One team, the Ridgerunners, made its 10th appearance in the relay.

“We were here the first year and we’ve been here ever since,” Ridgerunner member Jackie Floyd said. “In the past two years we’ve raised over $115,000, just our group.”

Like many who participated, cancer is not just a disease, its something very personal. Floyd’s mother-in-law, Mary Floyd, is a cancer survivor.

Not far away, Lori Keyser, of Kenova, W.Va., relaxed for a moment before opening ceremonies. A member of the team Steps For Life, Keyer has taken part in relays in Ohio and West Virginia, along with her sister, Angie Midkiff of Burlington, whose husband, Darrell, died from cancer.

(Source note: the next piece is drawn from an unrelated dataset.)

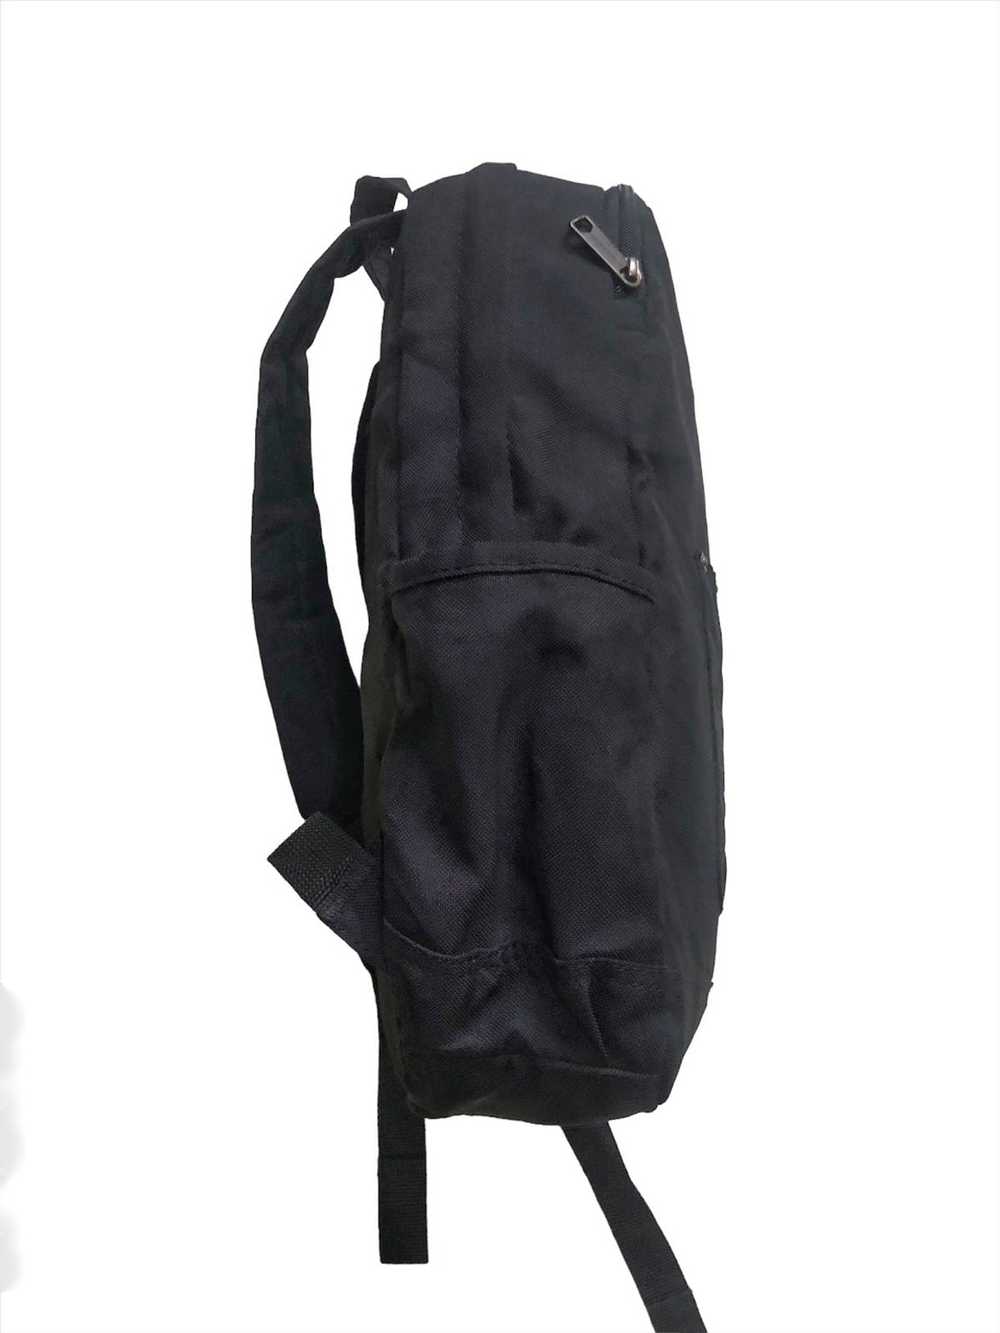 Carhartt × Carhartt Wip Carhart Wip Backpack - image 3

In fact, most, if not all, teams have begun as a result of a very personal brush with cancer.

“There so much of it in our district,” Symmes Valley teacher Becky Bowling said. “We have eight teachers in the elementary with cancer. We have students who have cancer.”

Symmes Valley teacher Lisa Bryant said she lost her dad, Jack Bryant, to bladder cancer.

In the opening ceremonies, Kerstetter remarked that, “cancer is such an ugly word.”

Carolyn Waggoner, who this year is an honorary co-chair person, said the theme is “Celebrate, Remember and Fight Back.” As for the relay, Waggoner called it an “all out war on cancer. This is to raise money,” she said, “so that one day we will discover a cure for every kind of cancer.”